The Inevitable Mishaps of Traveling, Part 2

Photo courtesy of Easy Travel Group

By Amanda Cardini, Staff Writer

Last week I wrote about an experience I had when traveling in Italy in which I missed my train stop, got stuck in an elevator, missed a second train and ultimately arrived at my destination hours later than planned. I reached out to other T-birds to see if they had similar stories and was surprised at the amount of responses I received! So, in the spirit of traveling for the upcoming holidays and winter break, I have a few more T-bird stories of not-so-smooth travel to share.  

Courtesy of Laura Quintero

Laura (MAGAM ‘18) – Caught up on the way to Colombia

In the summer of 2014, I was traveling from Phoenix to Colombia to go on a cruise with my parents.
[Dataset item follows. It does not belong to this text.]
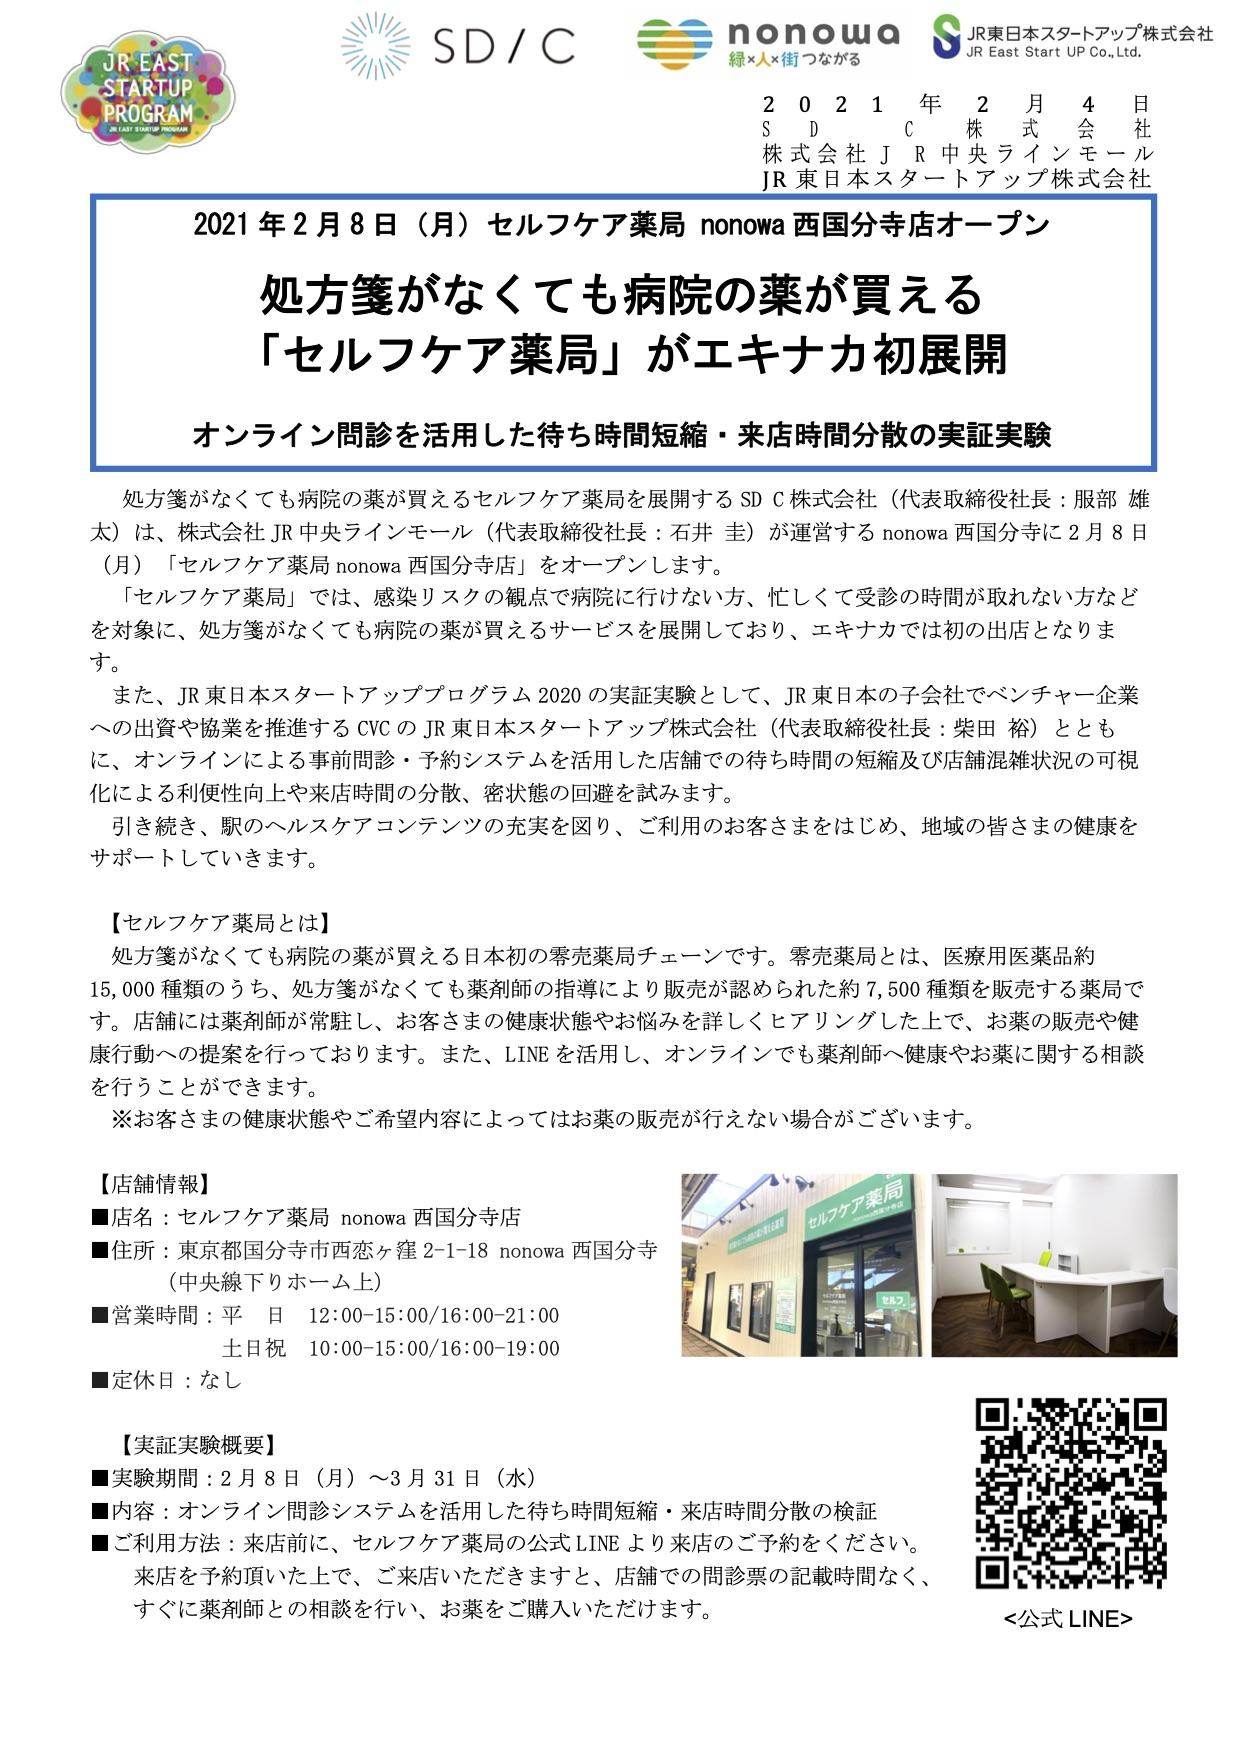 20210204_セルフケア薬局nonowa西国分寺店_プレスリリース.jpg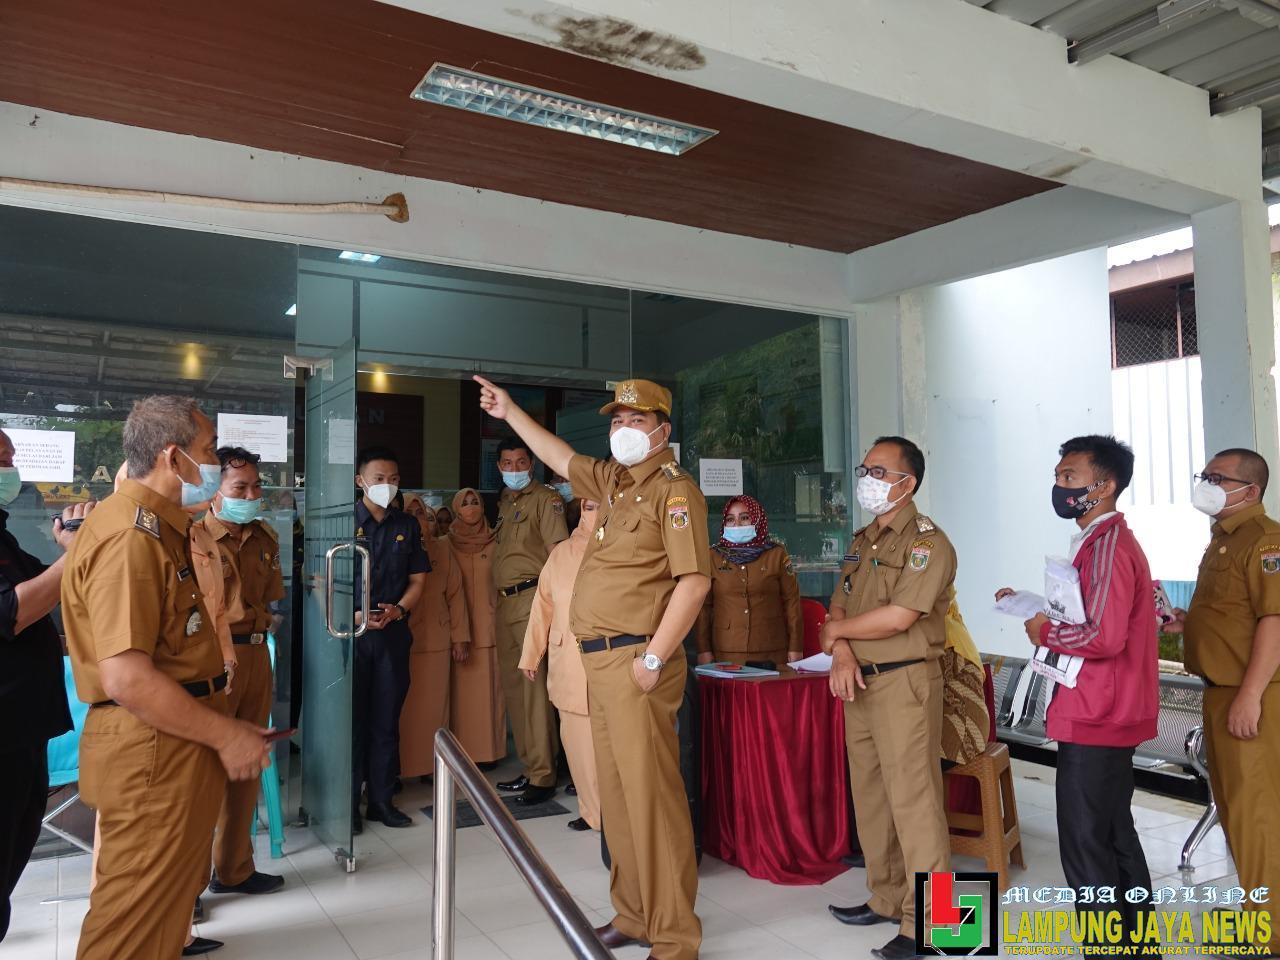 Hari Pertama Kerja, Bupati dan Wakil Bupati Terpilih Kunjungi OPD Guna Memantau Langsung Pelayanan Bagi Masyarakat

I was supposed to arrive in Colombia two days before the cruise so that I could spend time with my parents before our trip. I flew from Phoenix to Houston and had a layover before boarding my next flight to Colombia. Shortly into the flight to Colombia, a drunk lady began hitting her husband and trying to open the door of the plane. We were forced to turn around and go back to Houston where this woman was arrested. Everyone on the plane then had to get a new flight. I had to stand in a three-hour line while the airline employees tried to sort everyone out. This was around 5 a.m., and I wasn’t able to get a new flight until 6 p.m. I was given a voucher for food and a hotel, so I was at least able to sleep the time away. But when I finally boarded my new flight there was a storm, and we experienced a four or five-second free fall. Another issue occurred as a result, and we had to go back to Houston. At this point I became very concerned that I wasn’t going to make the cruise! I had to wait in another long line and was finally scheduled for a new flight taking off at 10 p.m. Right after I got off the phone with my parents to tell them my new arrival time, my flight was cancelled. I ended up having no choice but to catch a flight to Miami the next morning, so I spent the night in another hotel that the airline provided and was able to connect to Colombia from Miami the next day. Fortunately, I made it in time for the cruise!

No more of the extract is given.